The breeder showing the parents is also not a top-list thing for me. I am going to look at what the breeder’s puppies are doing, both from the parents of the litter I am thinking of, and past litters not from those parents. I believe that will give me an idea of what the breeder’s breeding pairs produce and what the breeder is striving for when he or she breeds a litter. 

Food/vaccines are a hot topic and everyone has their own opinions. Some would never accept a dog from a breeder who feeds Pedigree (as an example) even if their dogs did well on the food. A lot of “top” dogs with multiple titles are raised on Pedigree. What the puppies/parents are fed is not a concern for me. Vaccines on the other hand are a concern but it would not disqualify a breeder, at least not for me. Unless I had to sign a contract saying I would give vaccines that I disagree with or feel are harmful.

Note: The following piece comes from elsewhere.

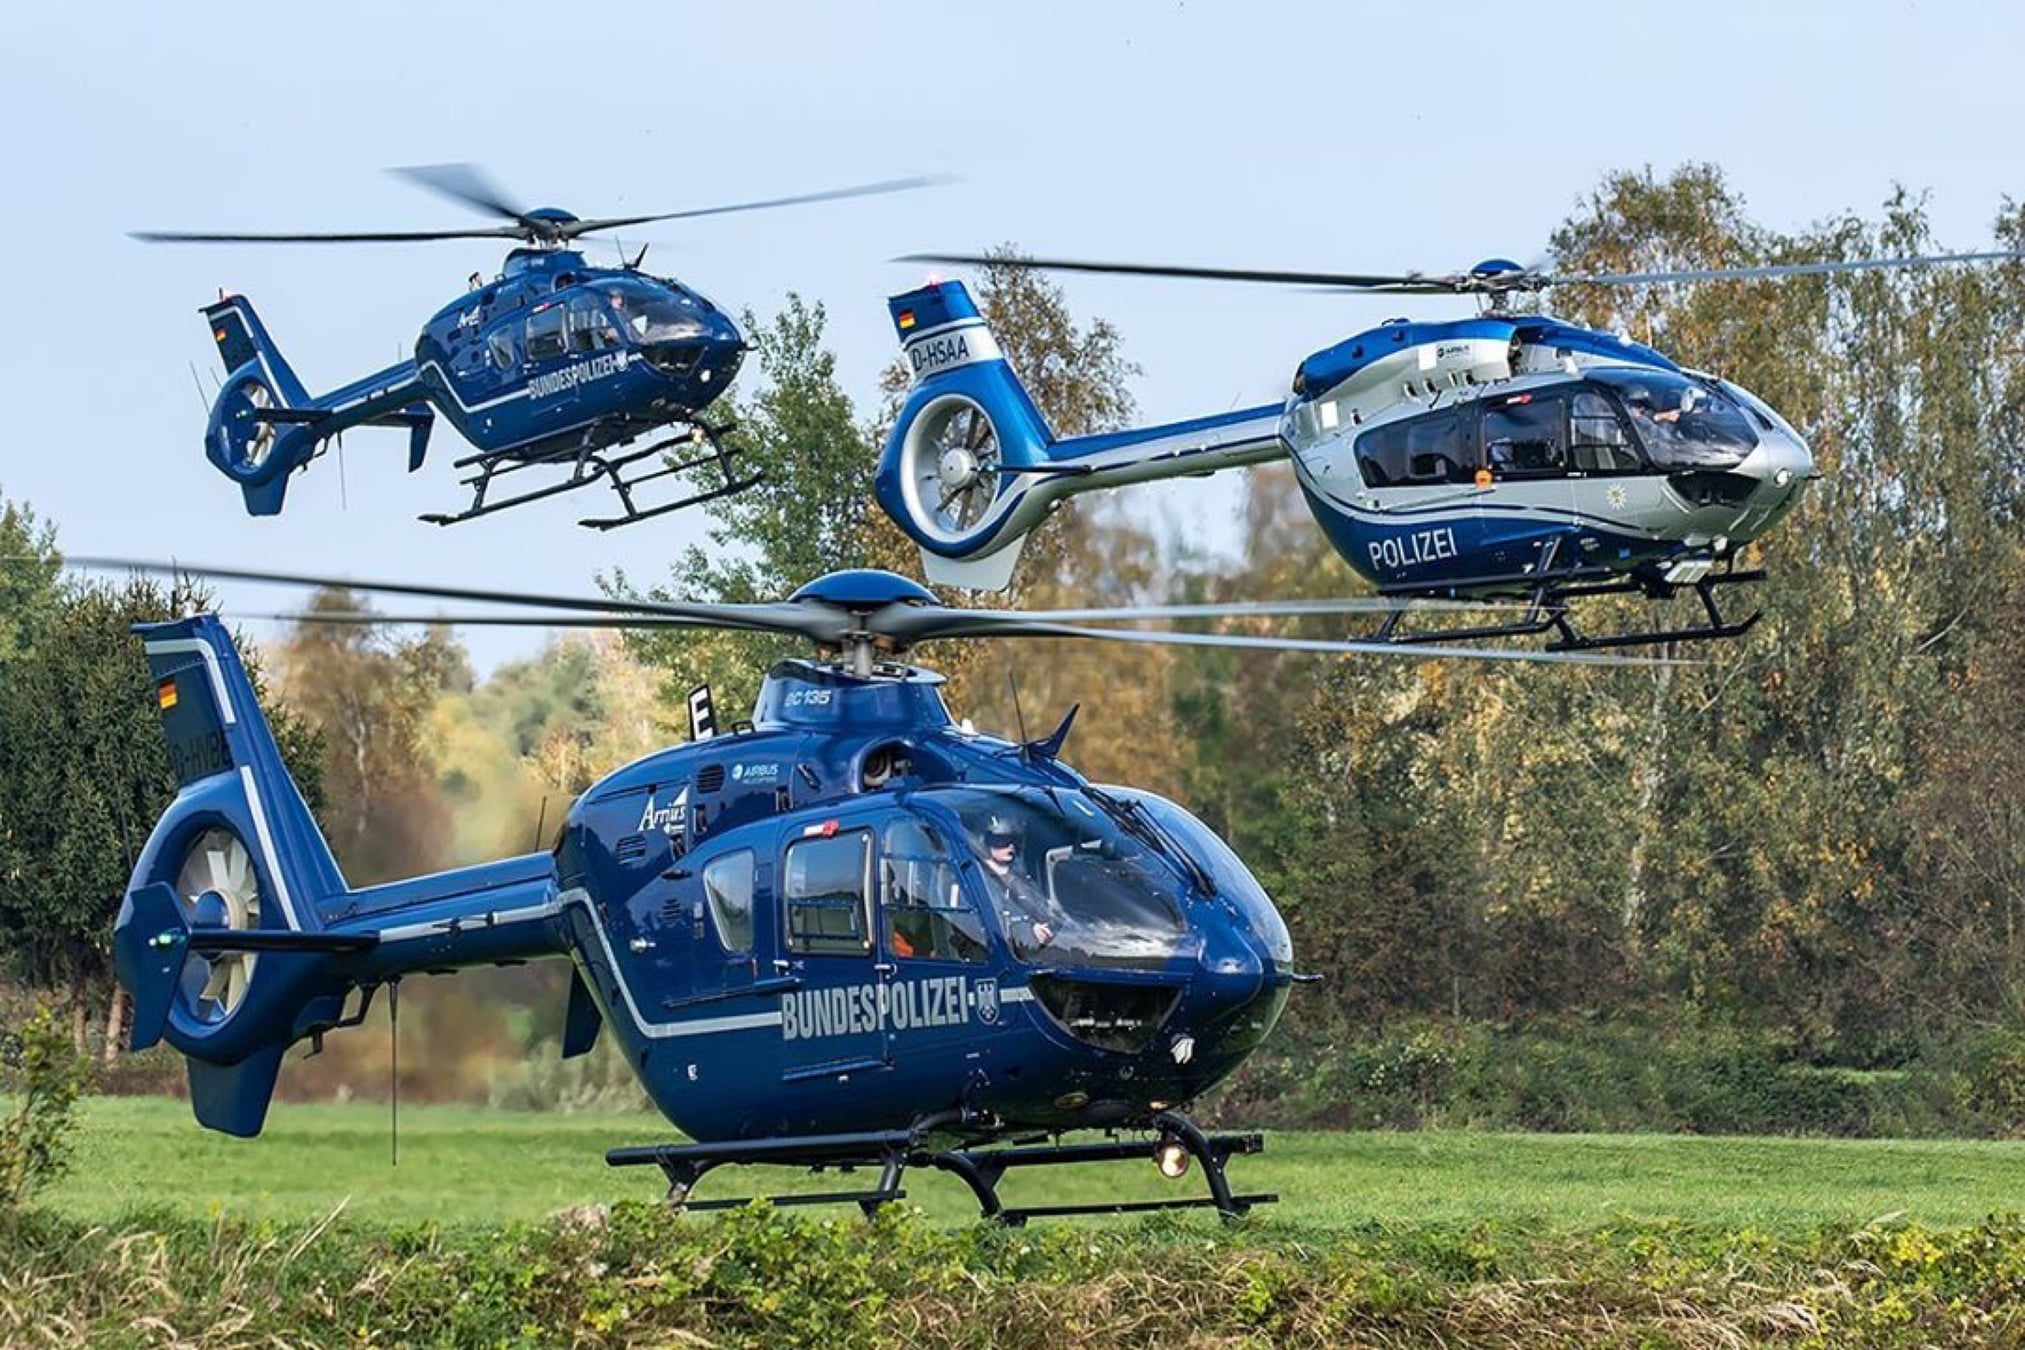 Bundespolizei Airbus EC135 and Polizei Sachsen-Anhalt H145 during annual mountain training. Photo submitted by Instagram user @aviationmedia_tomziegler using #verticalmag

Overall I think the list is ok. I also think that it would lead a lot of inexperienced dog owners to not use a breeder, who in reality is a “good” breeder.


----------



## Carley's Mom (Oct 30, 2011)

This is a great thread. Thanks!


----------



## schmoodle (May 14, 2012)

Yaddaluvpoodles said:


> For example: Health testing--how many people here are willing to buy a pup from parents who haven't been tested for SA, yet SA is one of the more prevalent issues in our breed? And JRD--now an approved, peer reviewed test.. but how many breeder's test for it. I still don't see a whole lot of breeder's testing for NEwS or DM, yet those are genetic tests! I do see a lot of folks doing hips.. yet it is certainly possible to have pups who are HD affected out of poodles who are not. Even more thought provoking.. it is possible to have puppies who do not have HD out of parents who do.
> 
> So.. which tests are important and why? That is most likely going to be an individual choice based on the individuals priorities.

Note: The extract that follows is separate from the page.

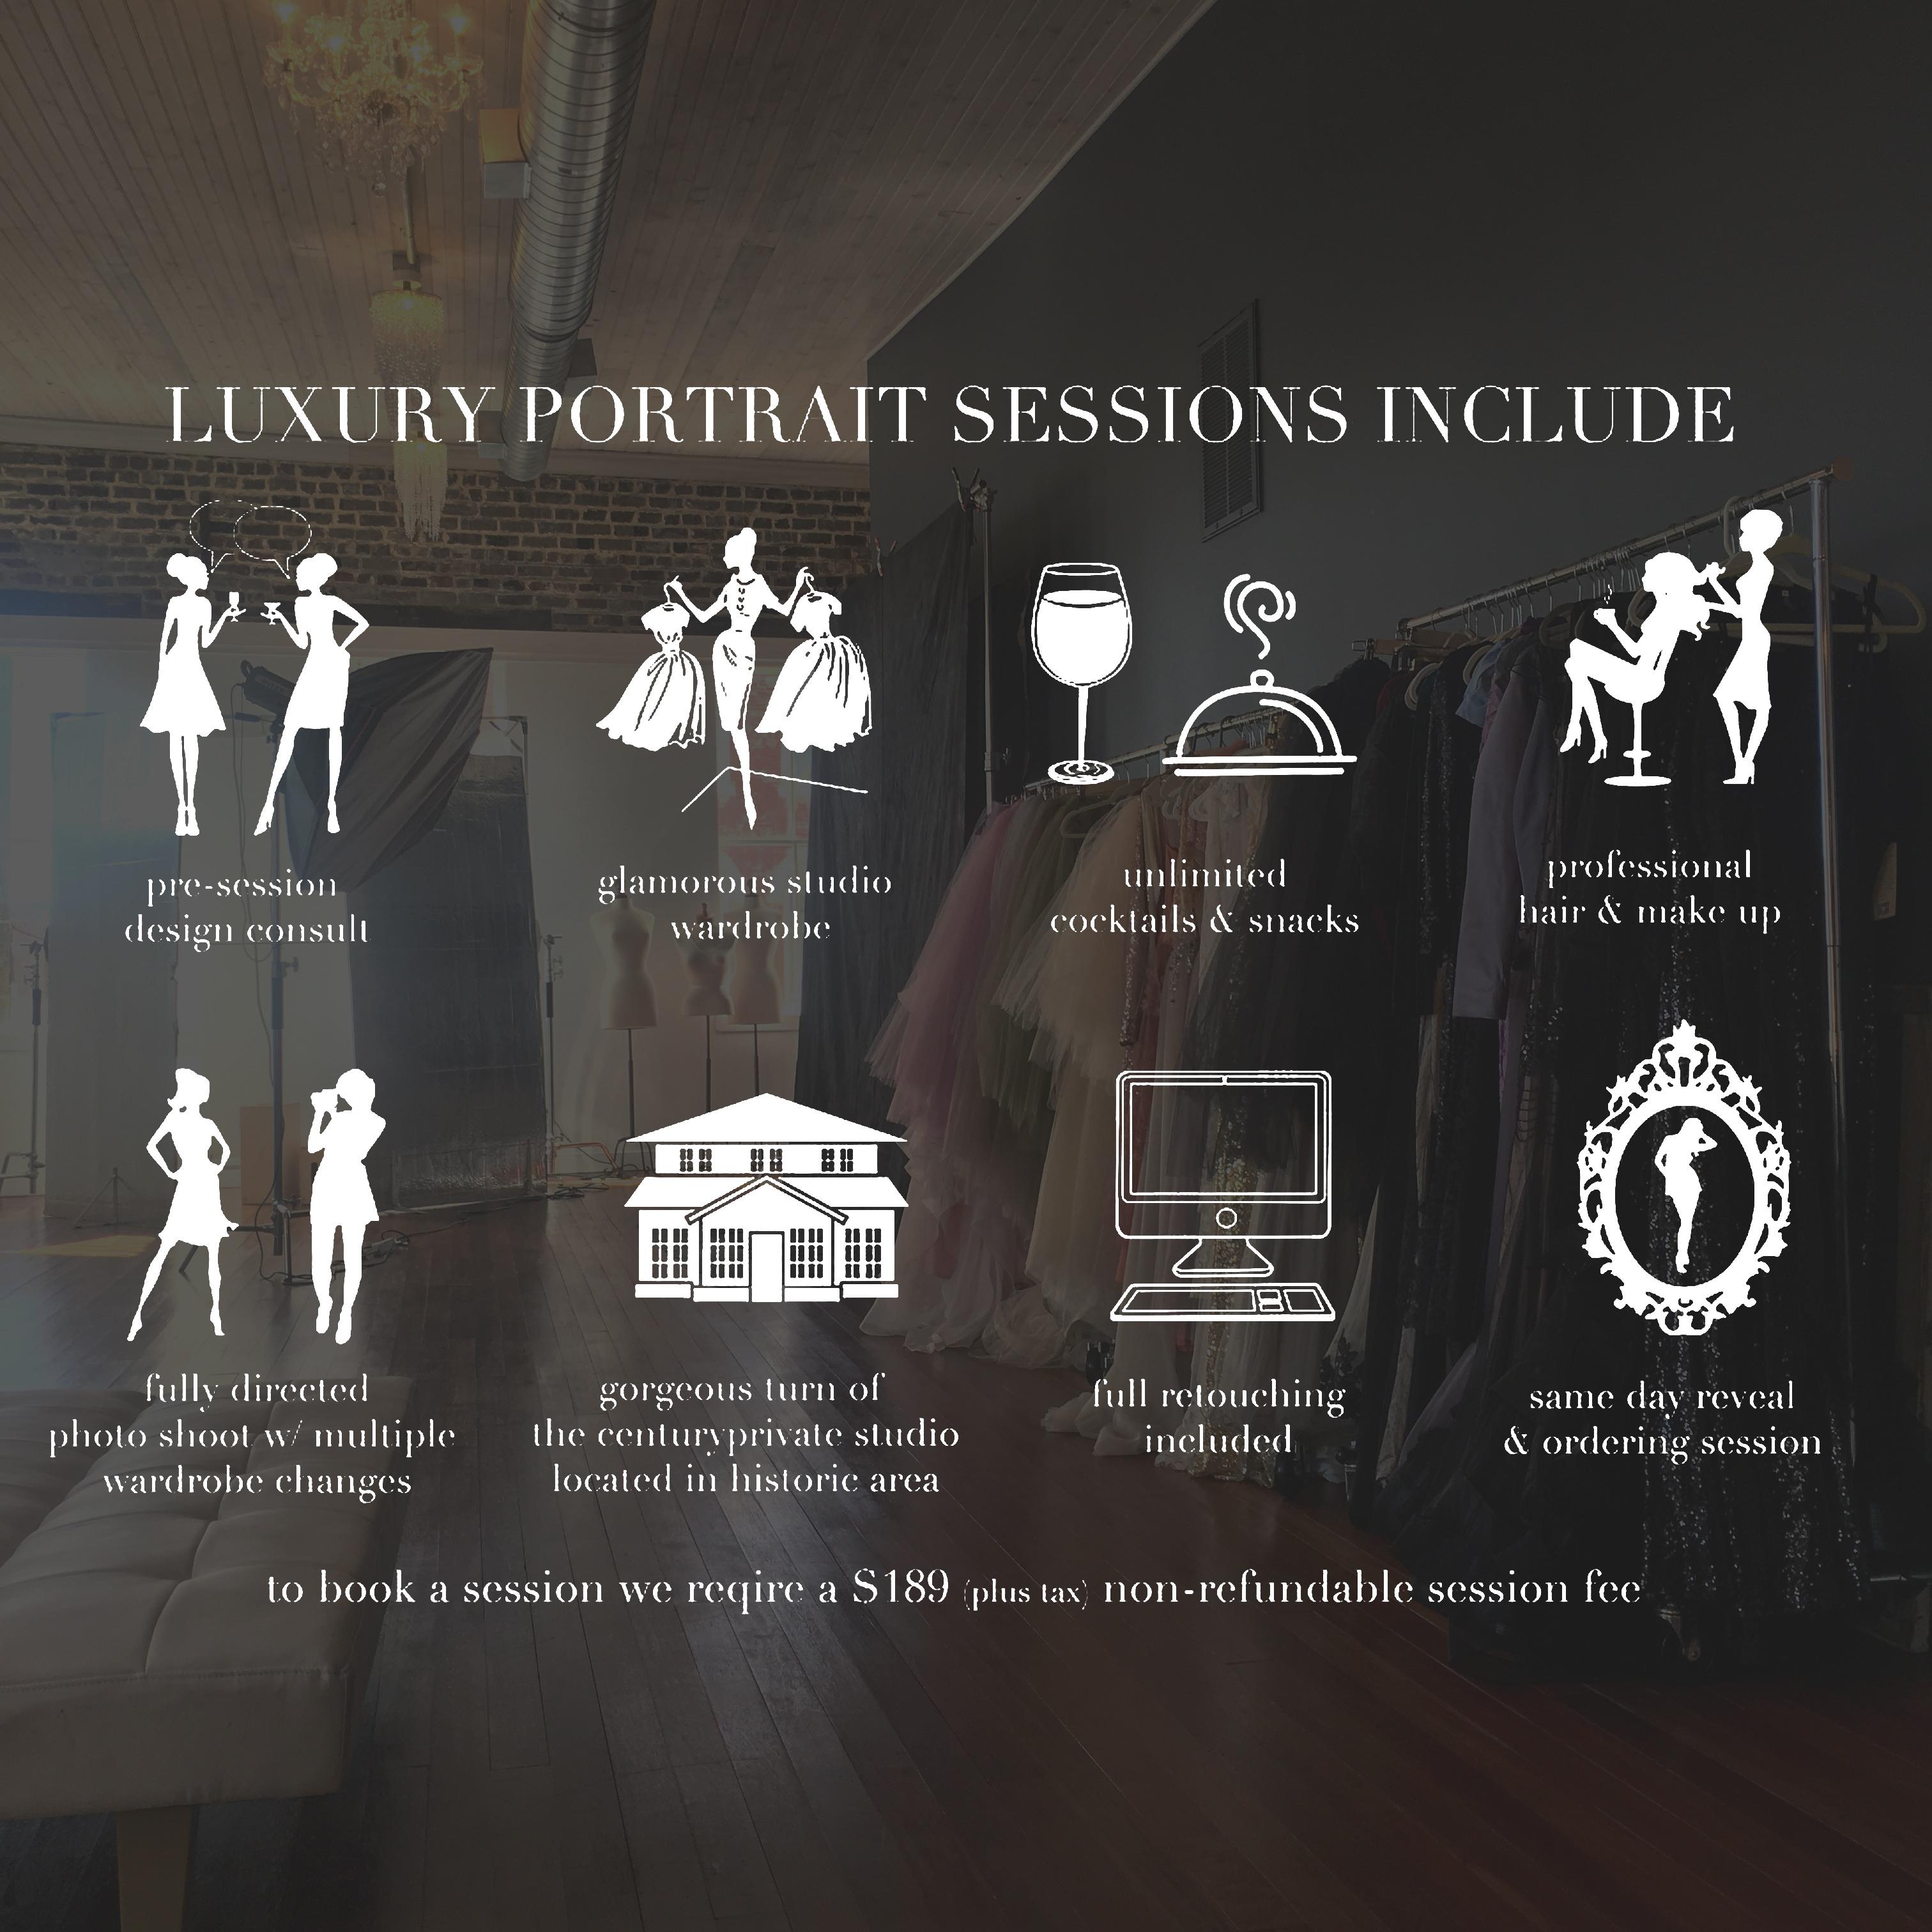 luxurysessionsinclude

Personally, my ideal is a (standard) breeder that does: hips, CERF (yearly), SA (yearly), thyroid, cardiac, DM, neonatal encephalopathy, von willebrand’s... and I think that's it. And no/minimal Addison's in the family history. Not because I'm so naive as to think this guarantees no health problems, but because I want to see that they're not breeding carriers/affecteds to like. I completely get the concerns about genetic diversity, and wanting to use some dogs even if they're not perfect -- but it seems to me that breeders also have a responsibility to their buyers to minimize risk by breeding those dogs to unaffected dogs.

Re hips, I know it's complicated, but my understanding is that it's 100% genetic (though polygenic) -- but environment modifies the expression. In other words, a dog that doesn't have the genetics to be dysplastic will never be dysplastic. I'm not a professional of any sort, and I don't even have a poodle yet -- but my current, layperson's opinion is that a breeder shouldn't breed a dysplastic dog. But a dog with fair hips and no dysplastic dogs in its immediate pedigree would be okay, ideally bred to a dog with excellent hips.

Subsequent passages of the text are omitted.